But this page is worth your time if any of the following applies:

  • Tables aren't rendering the way you want and you'd like to change it
  • You're building a RAG pipeline and need to chunk by slide / sheet
  • You want to support a new file format (ODT, RTF, etc.)
  • You want to output something other than markdown — HTML, JSON, etc.

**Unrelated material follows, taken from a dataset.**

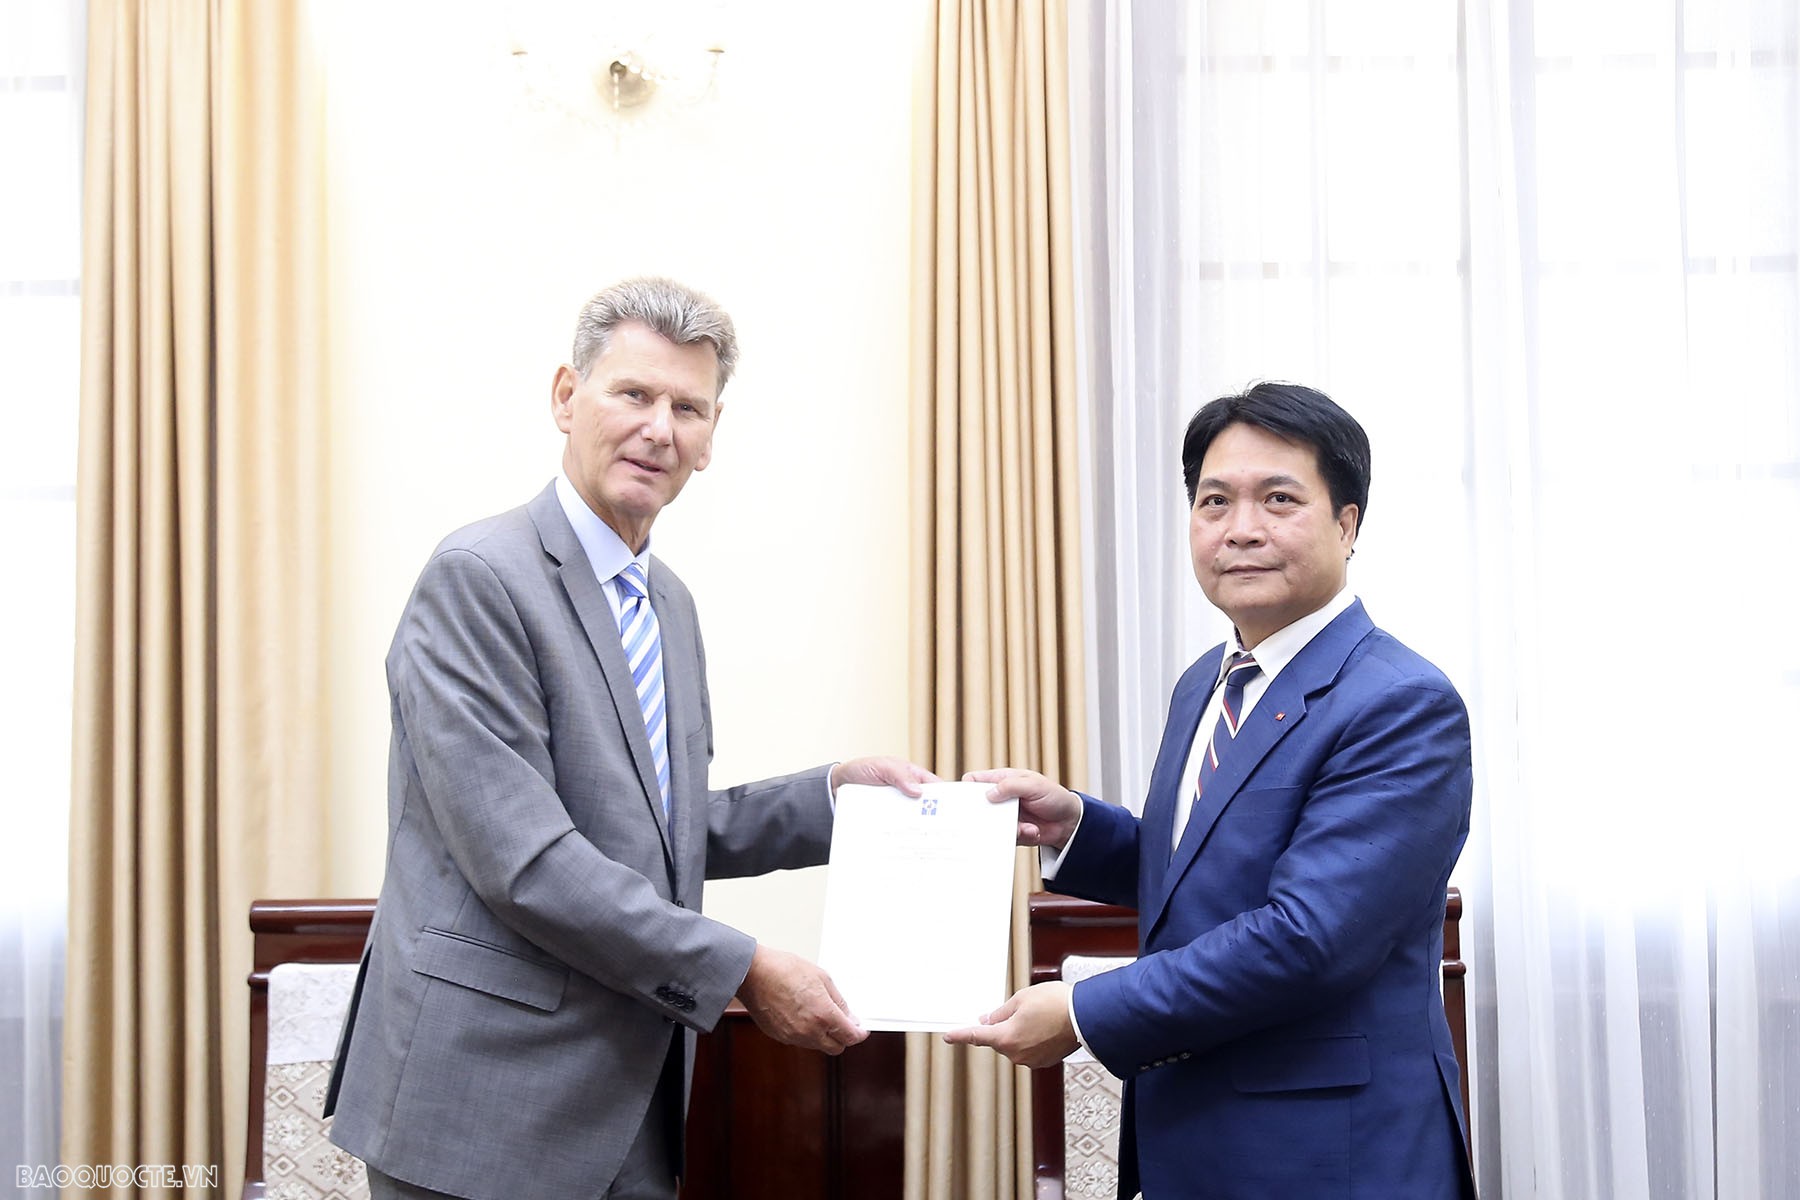 Tiếp nhận bản sao Thư ủy nhiệm bổ nhiệm Đại sứ Iceland, Đại sứ Cyprus, Đại sứ Turkmenistan tại Việt Nam
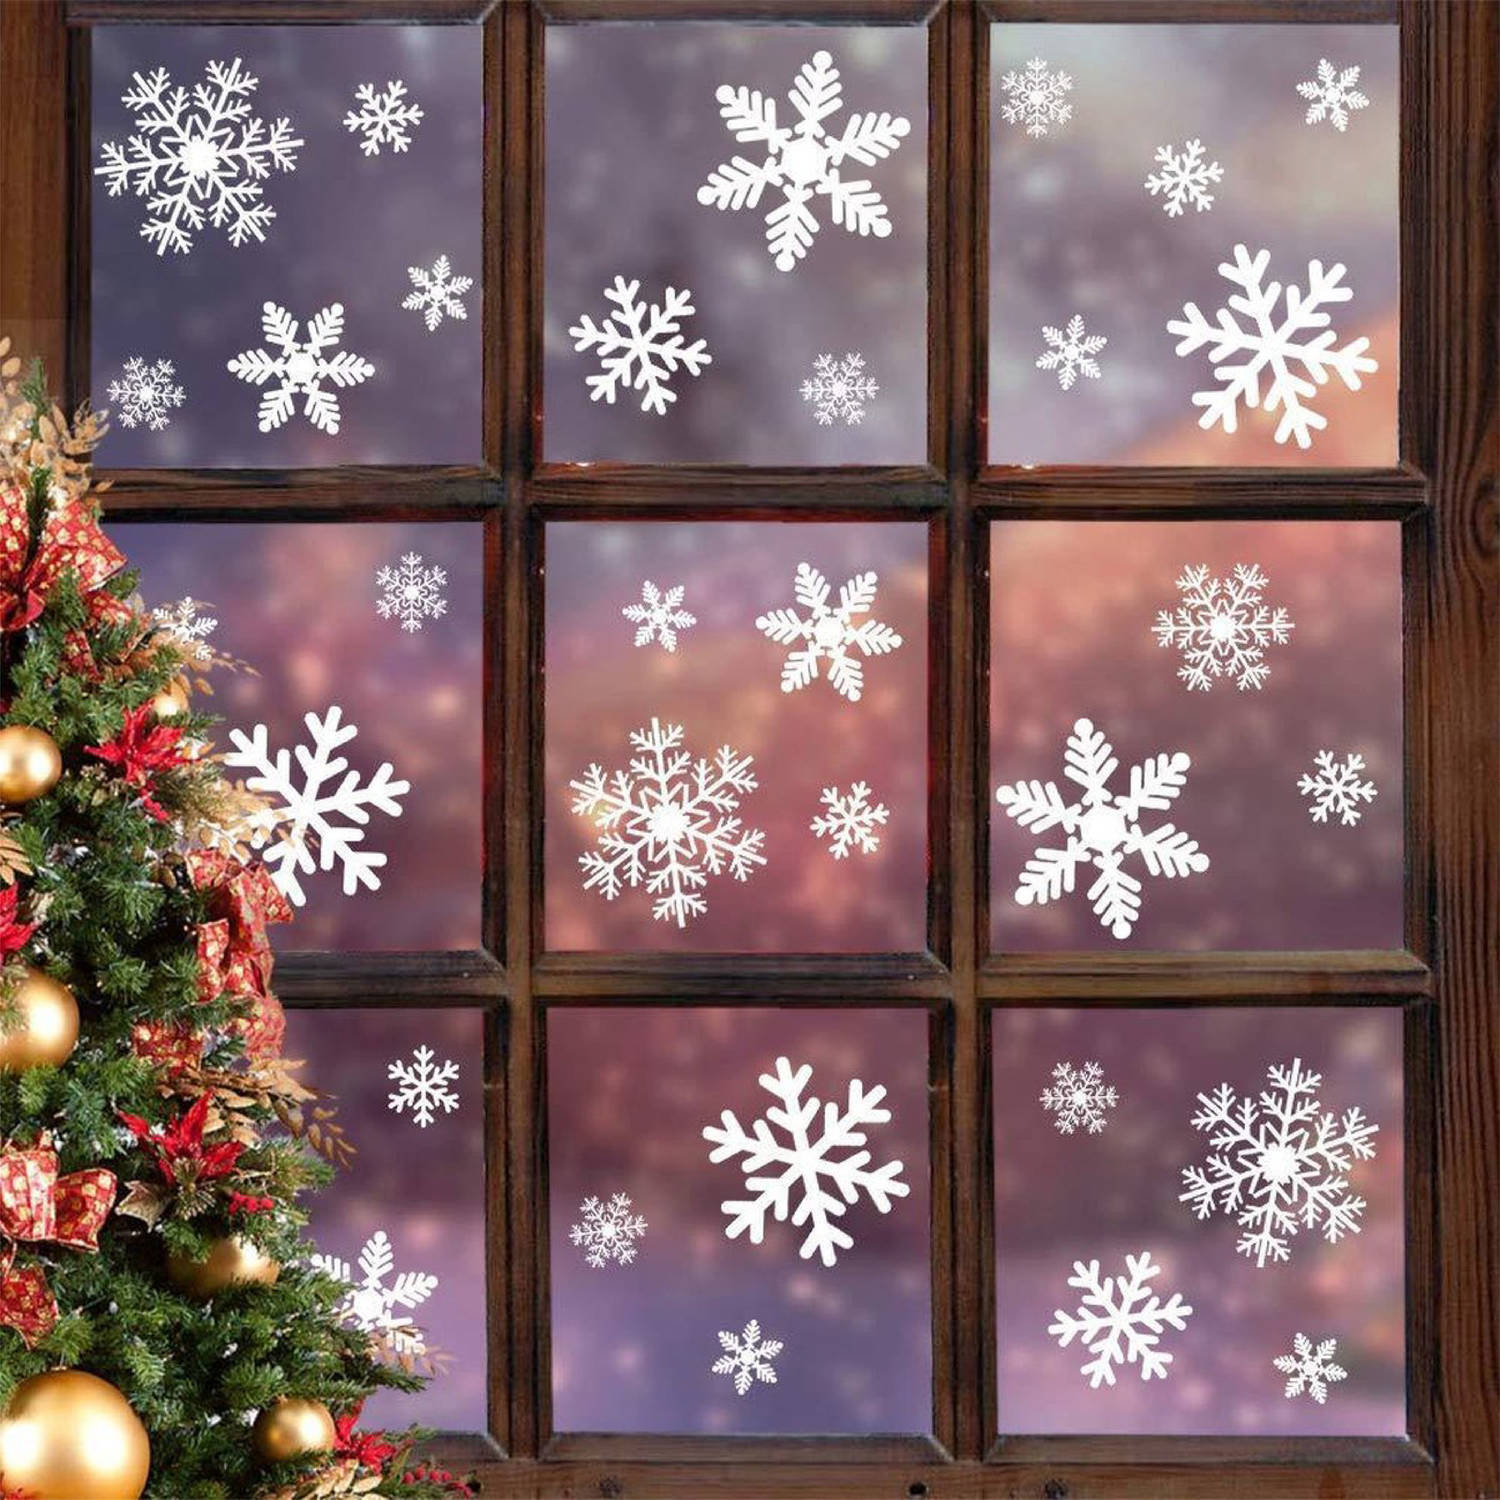 Fissaly® 294 Stickers Sneeuwvlokken Winter & Kerst Raam Decoratie – Kerstversiering voor Binnen - Sterren & Ijspegels - Raamstickers

Your file goes through two stages, not one

It looks like "file → markdown," but internally there are two distinct steps.

flowchart LR
    A[Source file<br/>.docx / .xlsx / .pptx / .hwp / .pdf] -->|Parser| B[DoclingDocument<br/>structured tree]
    B -->|Serializer| C[Markdown string]
    B -.->|Serializer| D[HTML / JSON / ...]
  • Stage 1 (Parser): Reads the source file and converts every title, paragraph, table, list item, etc. into a tree-shaped data structure called DoclingDocument. This stage knows nothing about markdown.
  • Stage 2 (Serializer): Walks the DoclingDocument tree and produces a markdown string. Tables are rendered by a separate TableSerializer component.

ToMarkdown() runs both stages in one call, but a DoclingDocument exists in memory between them as the intermediate representation.


Why two stages?

A natural question: "Why not just convert directly to markdown?" Four reasons.

1. Same structure, multiple output formats

Markdown is just one possible output. The same DoclingDocument could be serialized to HTML, JSON, plain text, etc. (only markdown is implemented today, but the door is open).

2. Swap table rendering at runtime

Sometimes you want the same table to be rendered differently depending on context.

var doc = (await new ExcelDocumentLoader().LoadAsync("data.xlsx"))[0];

// Default: standard markdown pipe table
string md1 = doc.ToMarkdown();

// Alternative: semantic header-value pairs (better for RAG)
doc.TableSerializer = new SemanticTableSerializer();
string md2 = doc.ToMarkdown();

You can switch rendering without re-parsing the file because the structure (DoclingDocument) is still in memory from stage 1.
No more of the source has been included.